The json mode provides a structured comparison of specific fields extracted from the content. This is useful for tracking changes in specific data points rather than the entire content. Example output:
{
  "title": {
    "previous": "Old Title",
    "current": "New Title"
  },
  "price": {
    "previous": "$19.99",
    "current": "$24.99"
  }
}
To use JSON mode, you need to provide a schema that defines the fields to extract and compare.

Important Facts

Here are some important details to know when using the change tracking feature:
  • Comparison Method: Scrapes are always compared via their markdown response.
    • The markdown format must also be specified when using the changeTracking format.

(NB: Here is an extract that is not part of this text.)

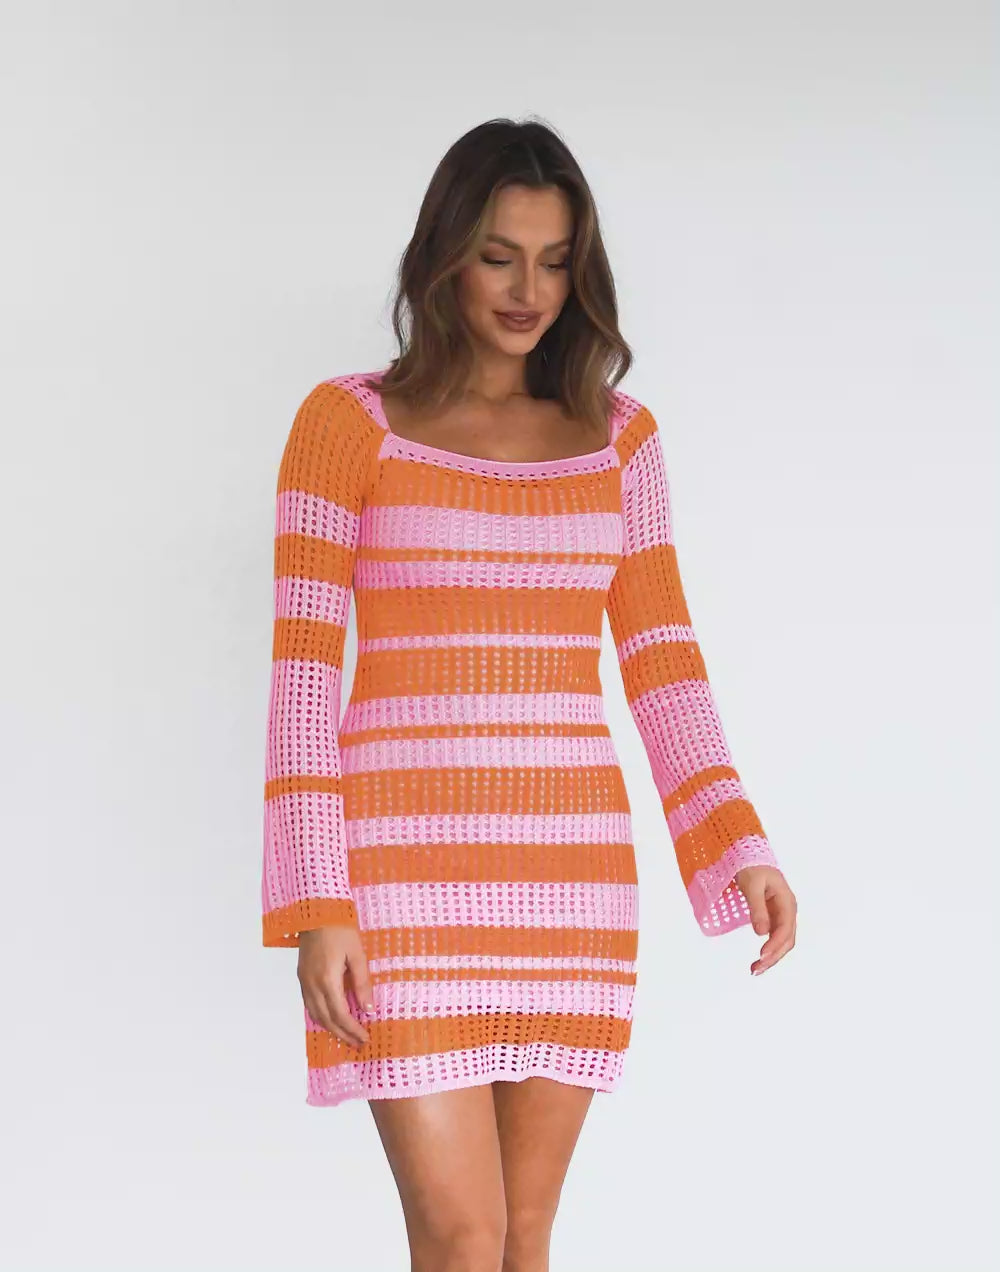 Marley Knit Mini Dress (Pink/Orange)

Other formats may also be specified in addition.
    • The comparison algorithm is resistant to changes in whitespace and content order. iframe source URLs are currently ignored for resistance against captchas and antibots with randomized URLs.
  • Matching Previous Scrapes: Previous scrapes to compare against are currently matched on the source URL, the team ID, the markdown format, and the tag parameter.
    • For an effective comparison, the input URL should be exactly the same as the previous request for the same content.
    • Crawling the same URLs with different includePaths/excludePaths will have inconsistencies when using changeTracking.
    • Scraping the same URLs with different includeTags/excludeTags/onlyMainContent will have inconsistencies when using changeTracking.
    • Compared pages will also be compared against previous scrapes that only have the markdown format without the changeTracking format.
    • Comparisons are scoped to your team. If you scrape a URL for the first time with your API key, its changeStatus will always be new, even if other Firecrawl users have scraped it before.
  • Beta Status: While in Beta, it is recommended to monitor the warning field of the resulting document, and to handle the changeTracking object potentially missing from the response.
    • This may occur when the database lookup to find the previous scrape to compare against times out.

Examples

Basic Scrape Example

// Request
{
    "url": "https://firecrawl.dev",
    "formats": ["markdown", "changeTracking"]
}

// Response
{
  "success": true,
  "data": {
    "markdown": "...",
    "metadata": {...},
    "changeTracking": {
      "previousScrapeAt": "2025-03-30T15:07:17.543071+00:00",
      "changeStatus": "same",
      "visibility": "visible"
    }
  }
}

Crawl Example

// Request
{
    "url": "https://firecrawl.dev",
    "scrapeOptions": {
        "formats": ["markdown", "changeTracking"]
    }
}

Tracking Product Price Changes

const result = await firecrawl.scrape('https://example.com/product', {
  formats: [
    'markdown',
    {
      type: 'changeTracking',
      modes: ['json'],
      schema: {
        type: 'object',
        properties: {
          price: { type: 'string' },
          availability: { type: 'string' }
        }
      }
    }
  ]
});

if (result.changeTracking.changeStatus === 'changed') {
  console.log(`Price changed from ${result.changeTracking.json.price.previous} to ${result.changeTracking.json.price.current}`);
}

Monitoring Content Changes with Git-Diff

const result = await firecrawl.scrape('https://example.com/blog', {
  formats: [
    'markdown',
    { type: 'changeTracking', modes: ['git-diff'] }
  ]
});

if (result.changeTracking.changeStatus === 'changed') {
  console.log('Content changes:');
  console.log(result.changeTracking.diff.text);
}

Billing

The change tracking feature is currently in beta. Using the basic change tracking functionality and git-diff mode has no additional cost. However, if you use the json mode for structured data comparison, the page scrape will cost 5 credits per page.